EQUATORIAL GUINEA’s Bullish On Gas Investment

The small Island Nation is in A Race To Monestise All Its Methane

SIX YEARS AFTER ITS FIRST GAS utilisation project came on stream, Equatorial Guinea will be completing a far bigger facility. First shipments from the LNG plant under construction on Bioko Island could start as early as mid-2007. The new dates are at least four months earlier than the earlier announced November 2007; the Train 1 project was about 95% complete as of the time of this writing. The plant is located at Punta Europa, on the northwest side of Bioko Island. The first LNG train will operate at a rate of 3.4million tones per annum ( MMTPA). The second train, with a planned capacity of up to 3.8 MMTPA, is expected to be operational latest 2010.

Feedstock gas for the first train will be primarily sourced from the 4.4 Tcf (gross risked) Alba field operated by Marathon (63.25%), but additional gas could come from yet- undeveloped reserves in the area and from ExxonMobil’s Zafiro field, of which approximately 3 Tcf is expected to be produced through the LNG plant under the contract with BG.
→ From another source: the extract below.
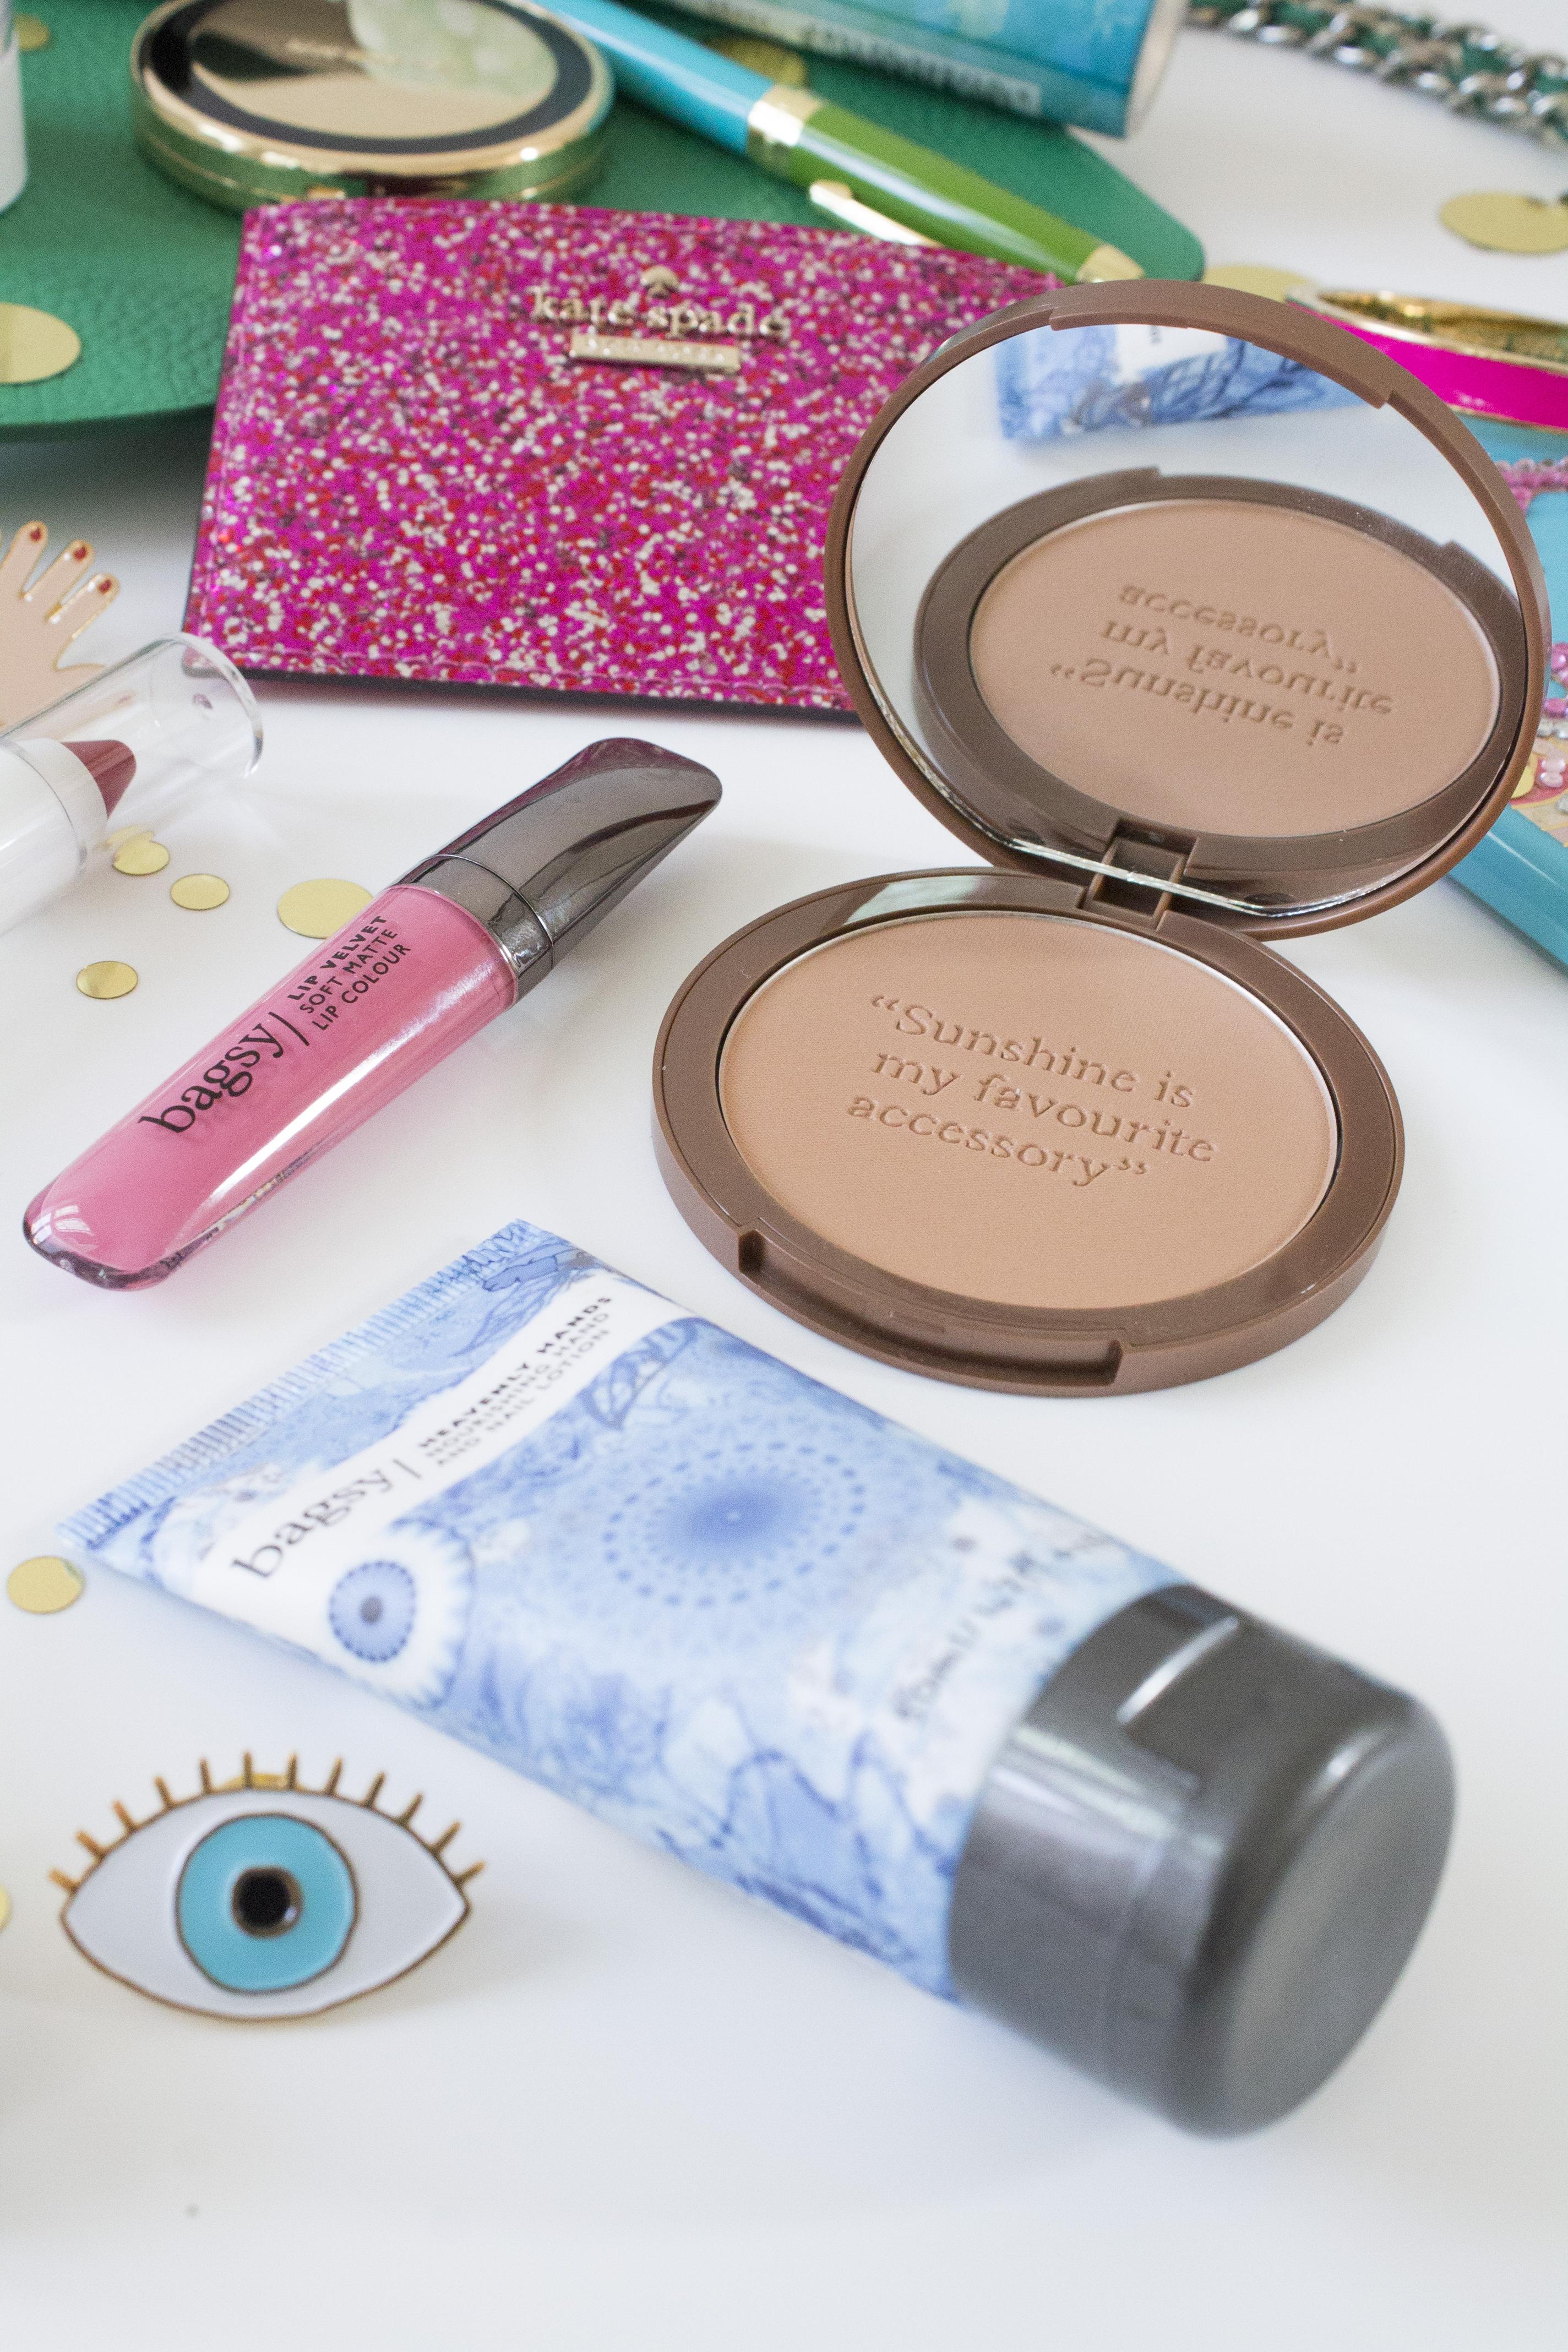 Bagsy-cosmetics-bronzer-photo-by-Geraldine-Tan

Much of the gas for the second train will be supplied by Nigeria, whose state hydrocarbon company, NNPC, has signed an agreement with Equatorial Guinea’s authorities for the delivery of 600 to 800MMsf/d by 2009. There’s also promised supply from Cameroon. Additional reserves discovered by Marathon in the Alba Block (Deep Luba, Gardenia, Estrella) and in the neighboring Block D (Agate, Bococo) would not be produced before 2009/2010. The recent gas and condensate discoveries in blocks B and O could bring further resources.

From the onset, Equatorial Guinea had always wanted to utilize its gas resources. Compared with most of the hydrocarbon producers in Subsahara Africa, the country is a late bloomer. The small island nation of less than half a million people started producing hydrocarbons- condensate precisely-only in 1991, when the Alba field came on stream. Gas produced in association with the condensate was flared. But it would take only 10 years for a major project to put out the flares and monetize the gas would take off. In May 2001, Atlantic Methanol Production Company (AMPCO), a consortium consisting of Marathon, (45%), Noble Affiliates Samedan Oil Corp. (45%), and the Equatorial Guinea government (10%), completed a new $450 million methanol plant on Bioko. The tanker “Noble Spirit” left the methanol plant on the Bioko Island for the European market with 41,000 metric tons of methanol on board.

The LNG project continues Equatorial Guinea’s ambition of converting gas to money at the slightest opportunity. The interests in the Equatorial Guinea LNG project are shared between Marathon Oil Corp. (60%), the state-run Sonagas (25%), Mitsui (8.5%), and Marubeni (6.5%). Total costs are estimated at $ 1.4 billion. BG Gas Marketing Ltd signed a Letter of Understanding (LoU) for the purchase 3.4 MM TPA of LNG (approximately 460MMcf/d) over a period of 17 years.